Не успела пыль улечься за колесами возка, в котором повезли Бориса Ивановича, а государь уже посылал гонца к игумену Кирилло-Белозерского монастыря Афанасию, строителю Феоктисту и келарю Савватею. Писал государь о том, чтоб Борису Ивановичу почет был оказан, чтоб берегли его крепко и надежно от всяких козней и злоумышленников.
«Да отнюдь бы нихто не ведал, хотя и выедет куды, – писал Алексей Михайлович, сам писал, своей рукой: дело невиданное! Московские цари даже грамот государственных не подписывали, не роняли достоинства. – А если сведают, и я сведаю, и вам быть казненным. А если убережете его, так, как и мне, добро ему сделаете, и я вас пожалую так, чего от зачала света такой милости не видали».
Москвой правили чуждые Алексею Михайловичу люди, но хоть и молод он был, а терпелив знатно. В свои двадцать лет Алексей Михайлович научился уступать силе и обстоятельствам, как никто среди всего московского синклита, светского и духовного. Со стороны казалось, что царской уступчивости нет предела. И те, кто так думал, ошибались себе же на беду. Алексей Михайлович всегда знал, чем он может поступиться.
Глава двадцать четвертая
1
К Аввакуму в Лопатищи приехали братья. Все они жили на старом отцовском гнездовье в Григорове. Евфимий был попом, Герасим и Кузьма тоже при церкви кормились – один служил псаломщиком, другой сторожем.
Братья приехали по делу: продать мед и воск, купить сушеной и соленой рыбы. Григорово от Волги далеко.

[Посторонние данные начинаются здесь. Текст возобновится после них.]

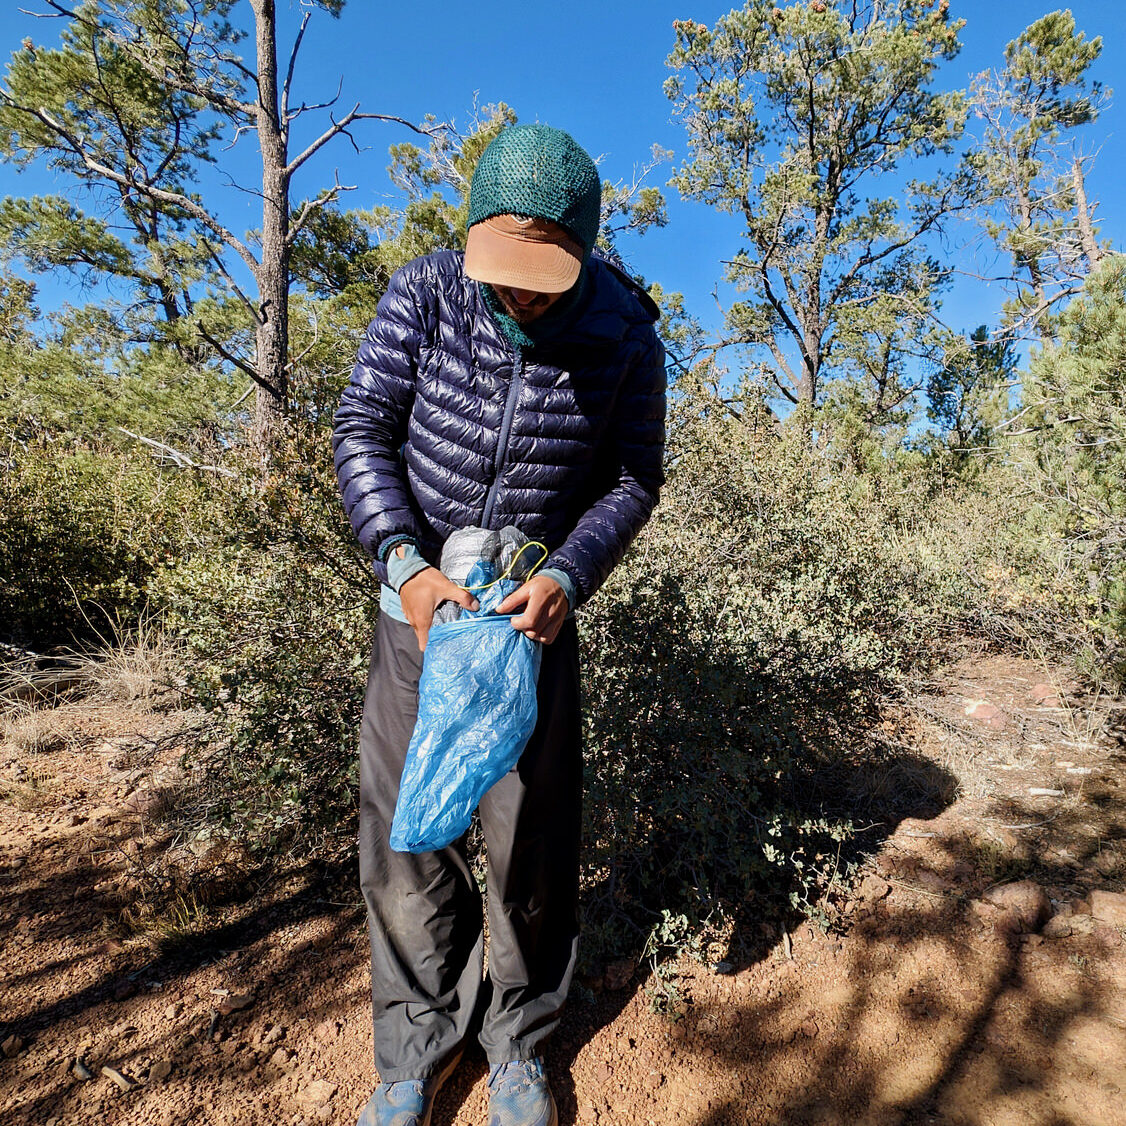 A hiker stuffing the Zpacks Duplex Zip tent into its stuff sack while out in nature

Ночевали братья на сеновале.
Аввакум собирался за дровами, поднялся до солнца. Он вывел из сарая лошадь, покормил на улице. Пришел дьякон, с которым сговорились рубить лес.
Аввакум снова заглянул в сарай: братья сладко спали. Евфимий лицом пригож, в мать. Спит как во младенчестве, причмокивая. Кузьма в отца, кряжист, насуплен. И во сне молчун. Герасим вдруг отчетливо засмеялся. С детства хохотун. Видно, и сны ему смешные снятся.
Хотелось попрощаться с братьями, но будить было жалко. Аввакум перекрестил их, взял пилу, топор, веревку и пошел к дьякону. Тот уже успел запрячь лошадь.
Поехали.
Солнце с самого утра распалилось. Аввакум, поскребывая разомлевшие на жаре телеса, поглядывал на луга, на лес, на реку.
– Головой бы в траву – и заснуть! Духмяные теперь травы, – сказал он.
– А чего? Лошадку стреножим, пущай попасется, – откликнулся дьякон, натягивая вожжи. – Дровишки из лесу не убегут. До зимы еще – ого!
Аввакум взял у дьякона хворостину и махнул на лошадку:
– Но-о! Ты шевели ее, отец дьякон, шевели!
– Мужики без дров пастырей своих не оставили бы, – забормотал дьякон, с неприязнью озирая вставший стеной лес.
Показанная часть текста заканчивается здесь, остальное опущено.